What you are asked to do:
A verbatim repetition of the data below is requested, without images.

Recorded data:
--------------------------------
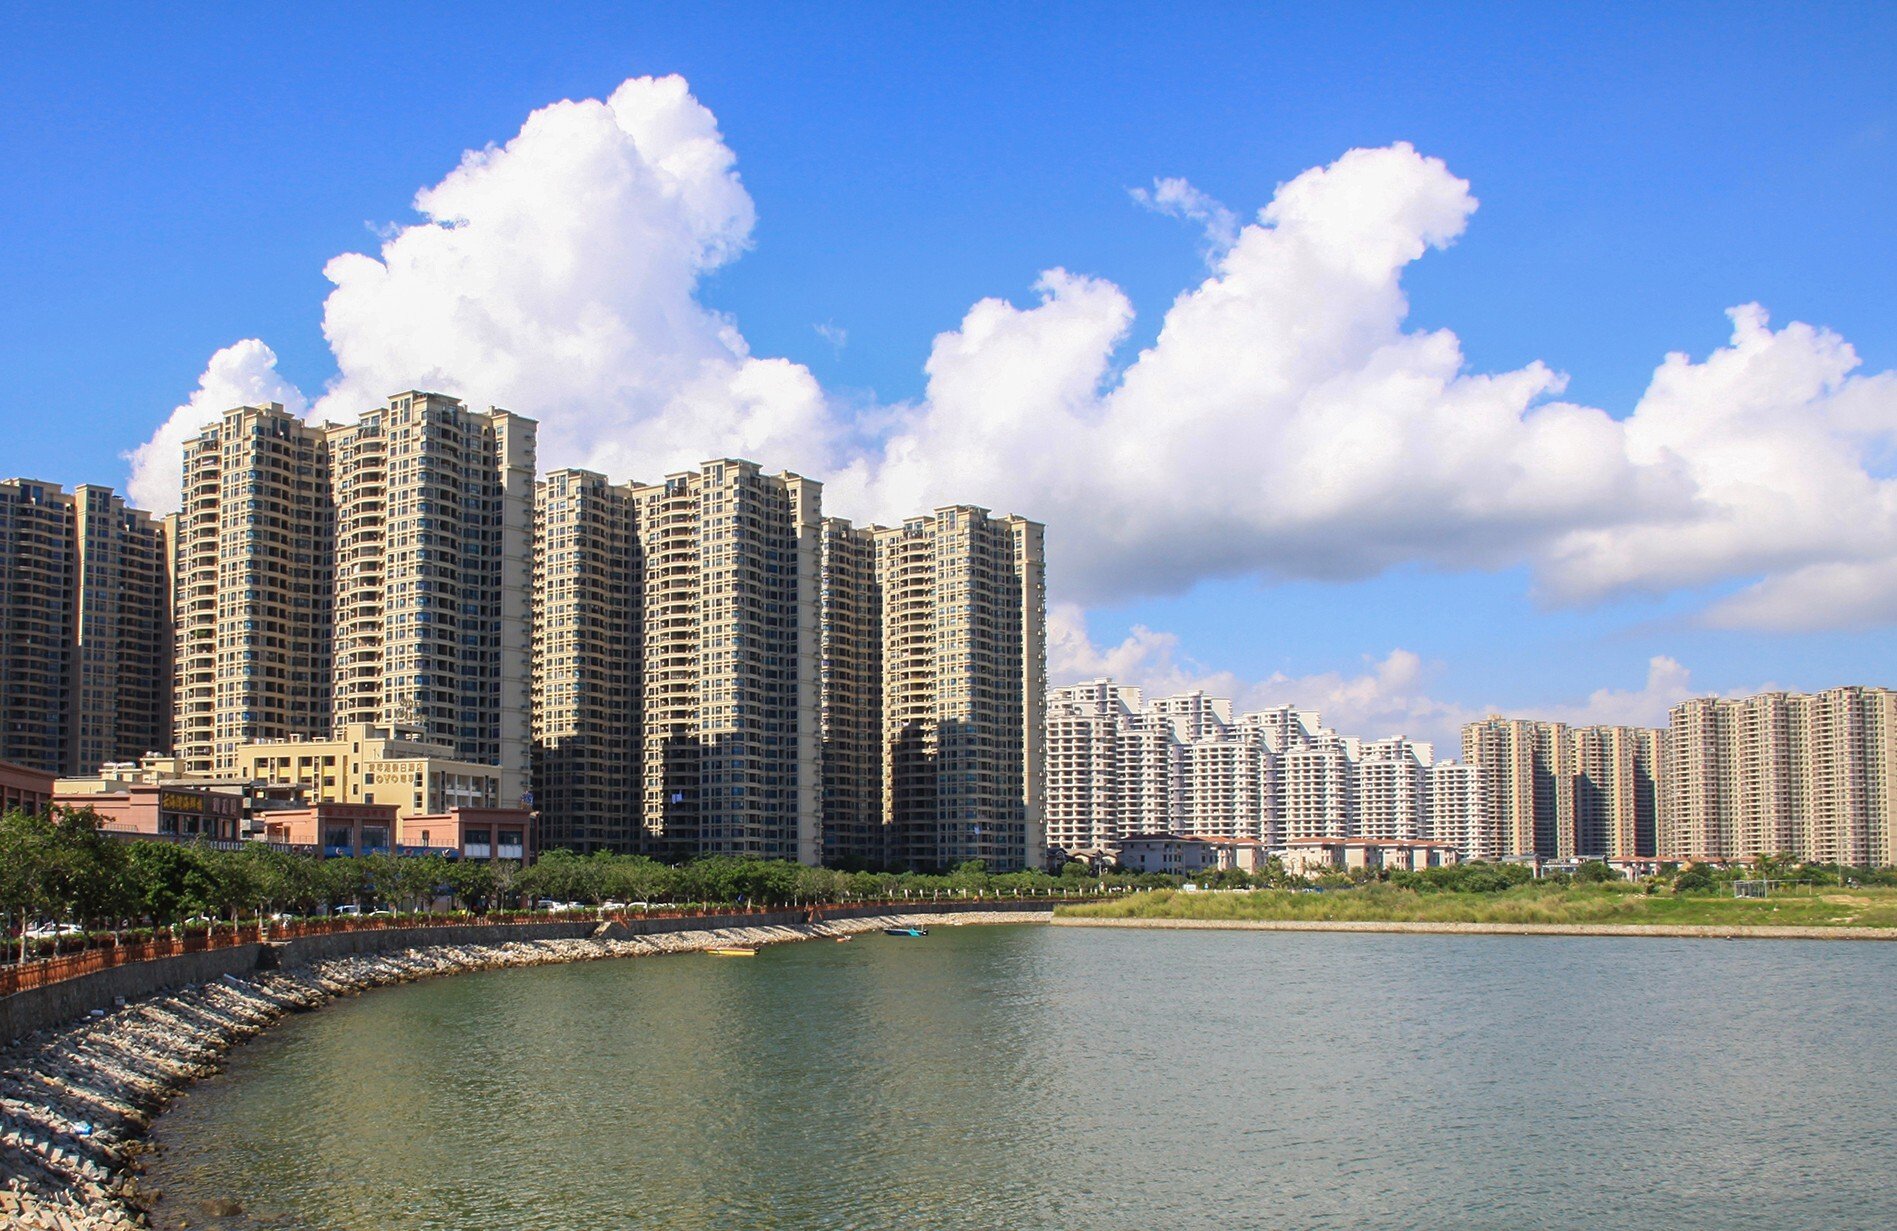 Home prices in Huizhou saw the second-biggest gains in mainland China, climbing 6.7 per cent between March and June. Photo: Shutterstock
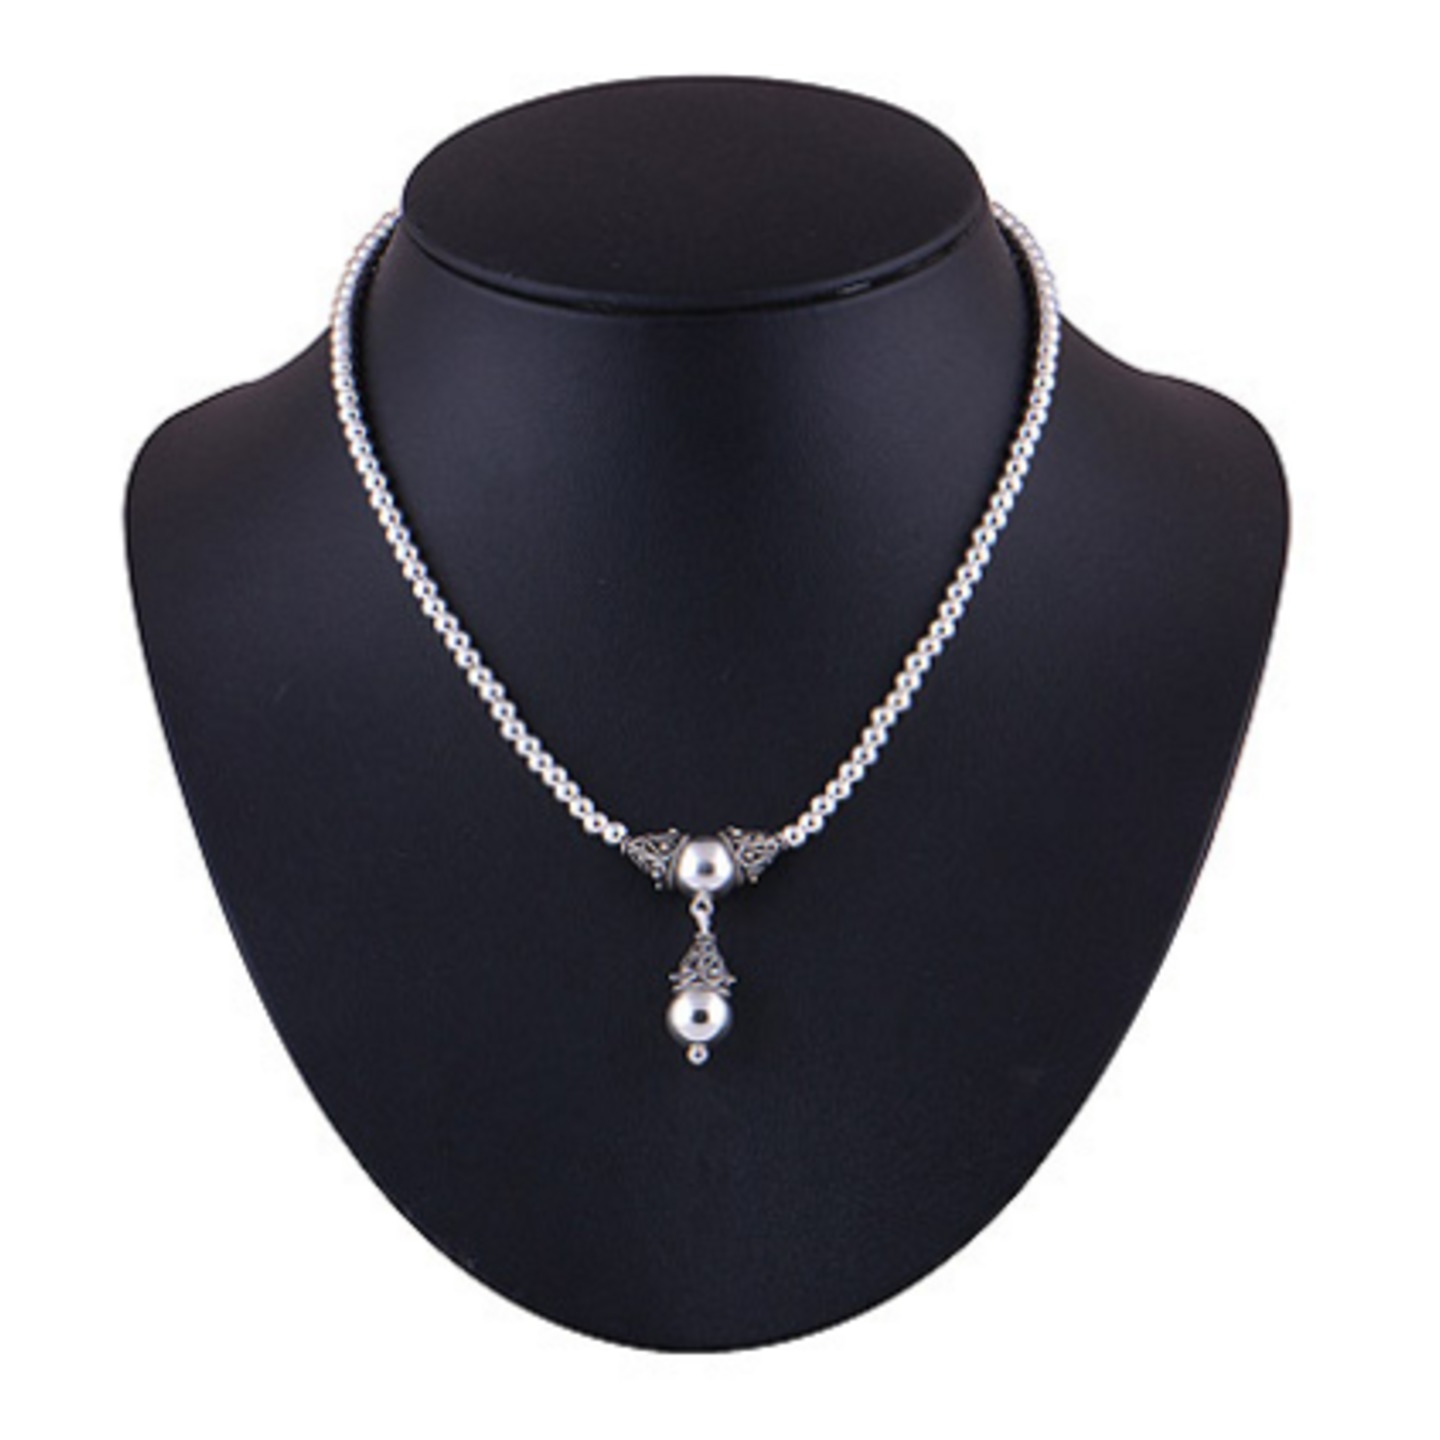 The Droplet Silver Necklace
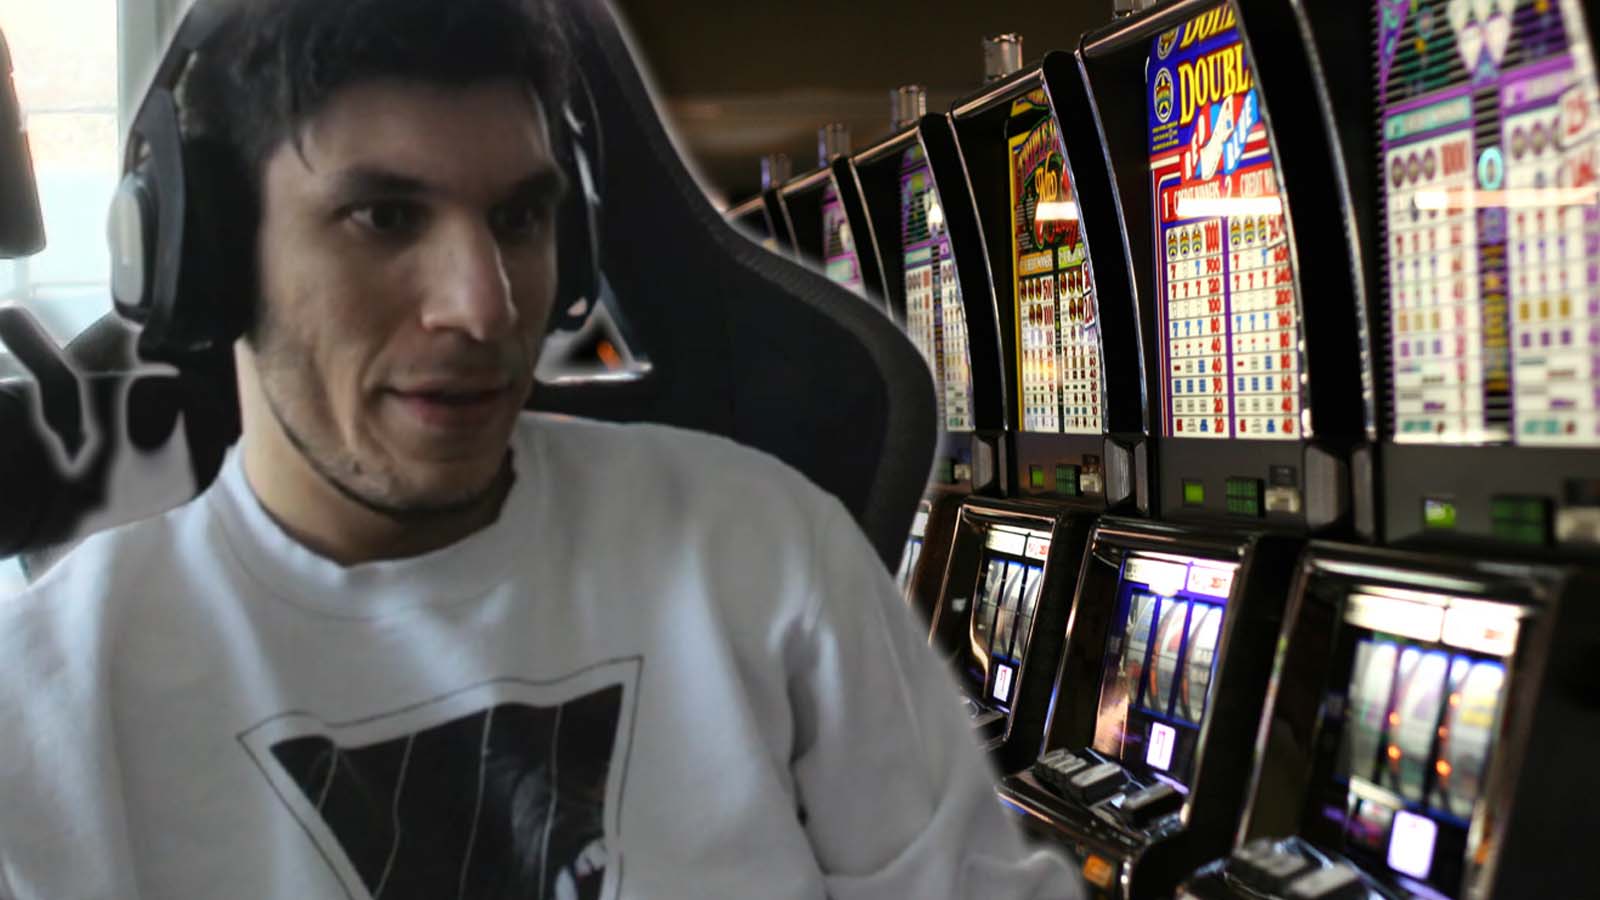 Streamer Trainwrecks says he was paid $360 MILLION for 16 Months of gambling on Twitch
--------------------------------
Final answer:
 Home prices in Huizhou saw the second-biggest gains in mainland China, climbing 6.7 per cent between March and June. Photo: Shutterstock
 The Droplet Silver Necklace
 Streamer Trainwrecks says he was paid $360 MILLION for 16 Months of gambling on Twitch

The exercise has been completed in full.